The man he was supposed to be seducing had approached him first out of a bar full of people and that should have made him suspicious but he dismissed the nagging thought. Surely, hitting on injured war veterans when one could be hitting on sleek bankers was a little unusual but, much like being intelligent, was not a crime.

John was sifting through all of this information as put down his chopsticks for the umpteenth time that evening and stopped eating lest he choke on his shrimp Lo Mein from laughter induced by Sherlock’s deductions. He didn't want to die a sudden and tragic death just when his life was beginning to look stunningly interesting.

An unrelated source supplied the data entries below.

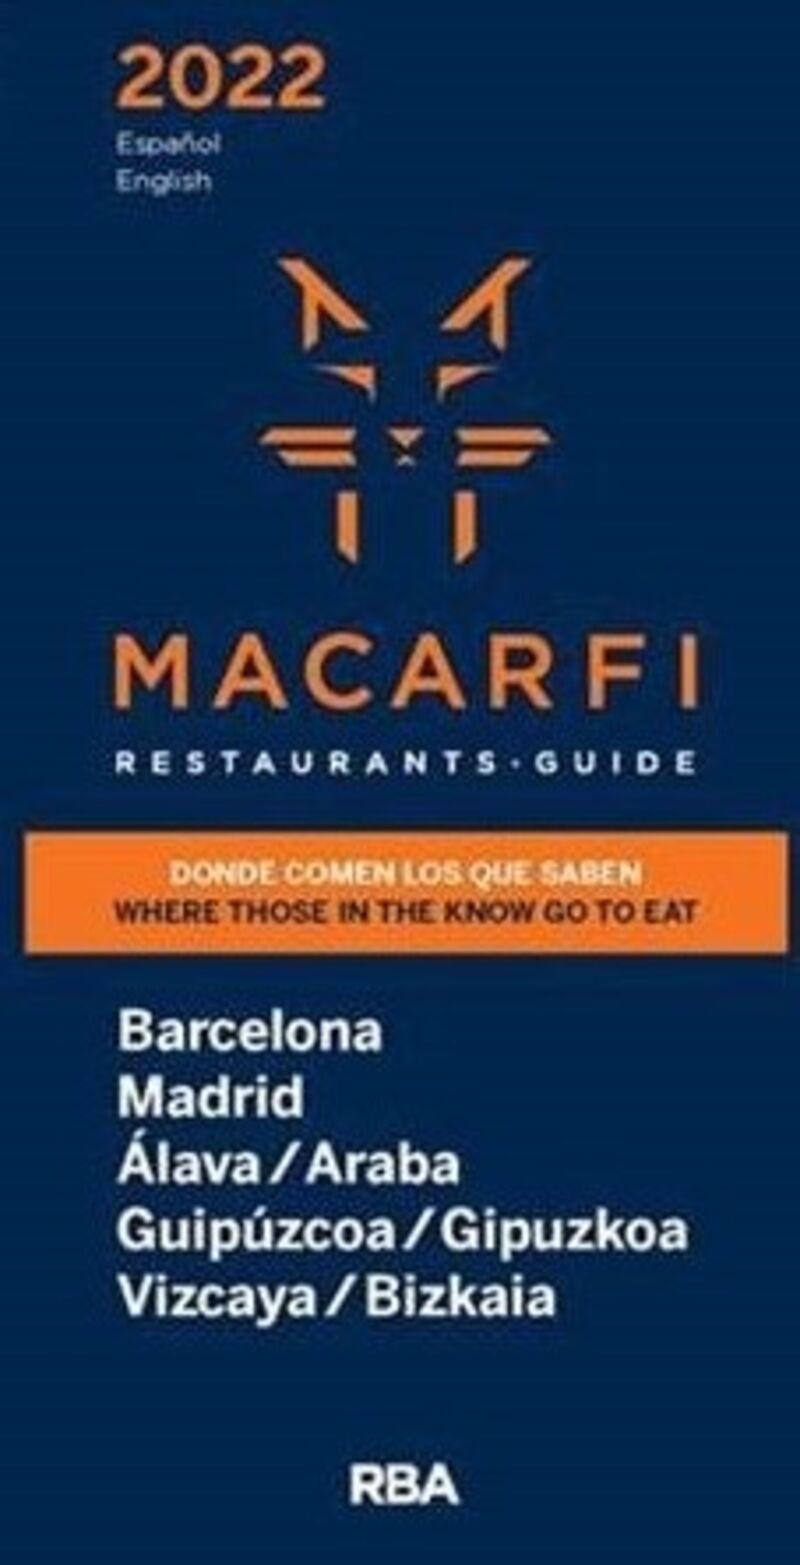 2022 guia macarfi de restaurantes barcelona, madrid, alava, gipuzcoa, vizcaya - Aa. Vv.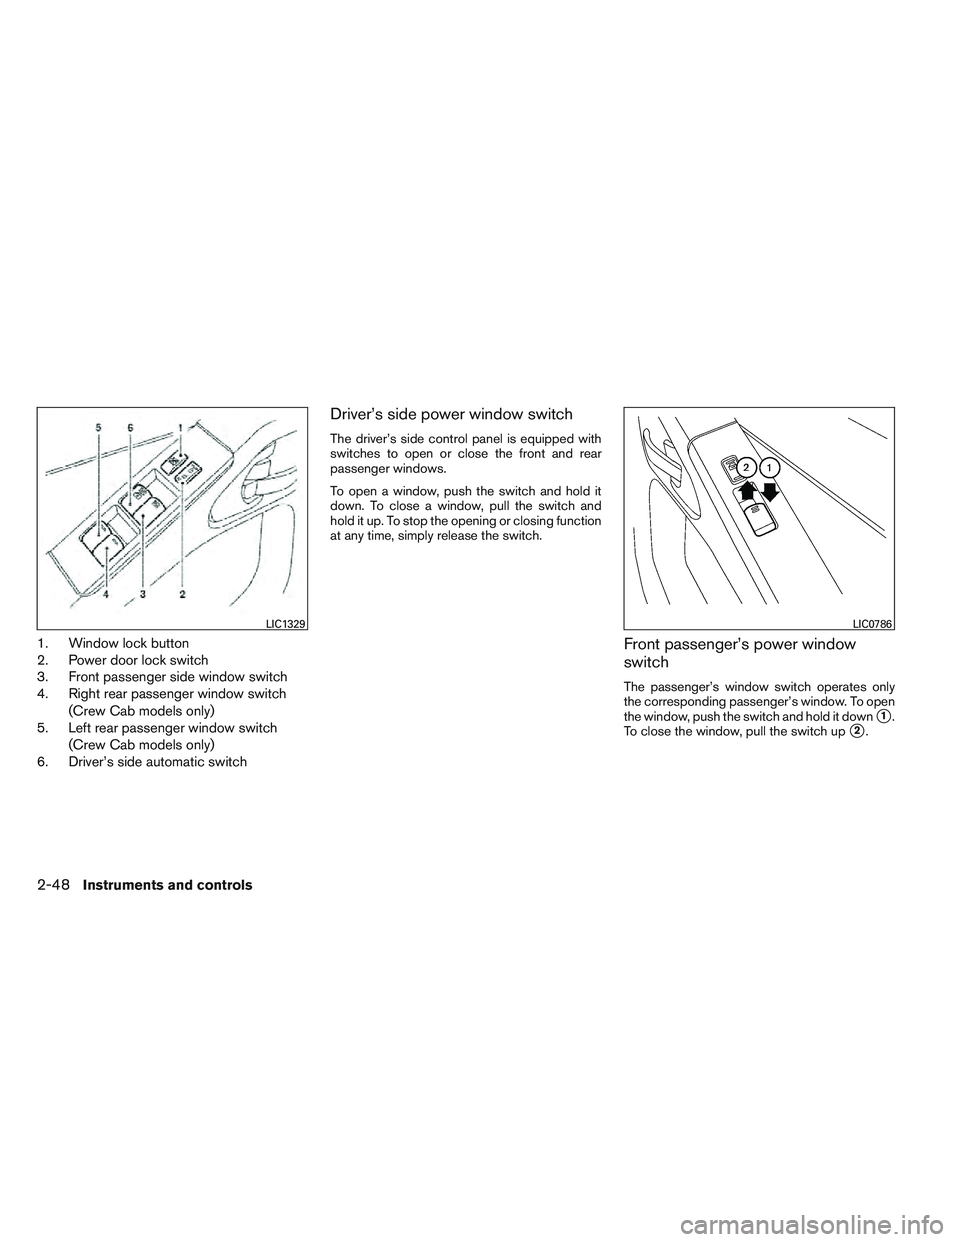 NISSAN FRONTIER 2012  Owner´s Manual 1. Window lock button
2. Power door lock switch
3. Front passenger side window switch
4. Right rear passenger window switch(Crew Cab models only)
5. Left rear passenger window switch
(Crew Cab models

“Alright, what about those two? The couple sitting in the booth by the kitchen,” John prompted him, drinking more of his beer.

“Ah, the women is clearly fantasizing about having sex with Brad Pitt and the man is a former drug dealer who is currently employed as a clown and struggling to master the art of juggling more than three objects,” Sherlock deadpanned.

“Now you’re just making things up to make me laugh,” John said, giggling.

“Maybe, maybe not,” Sherlock said, eyes glimmering mischievously. 

“So…consulting detective then?”

“Only one in the world.”

“Well, you’re very good at it. I can tell,” John said, feeling happy for the first time in a long time. 

“And you, John Watson, what do you do now that you’re not off shooting people in a desert?”

“Can’t you tell?” John teased lightly.

This seemed to sober Sherlock Holmes, who stopped smiling and looked at him with wide earnest eyes. “You’re not doing anything,” he said, “that’s a shame. You don’t deserve to be bored like that.”

John looked away from the focused stare and went back to the noodles on his plate, suddenly feeling exposed and uncomfortable. “Well, life’s not fair, is it?”

“Would you—would you like to come up for coffee?” Sherlock blurted out as the cab pulled up in front of 221B. 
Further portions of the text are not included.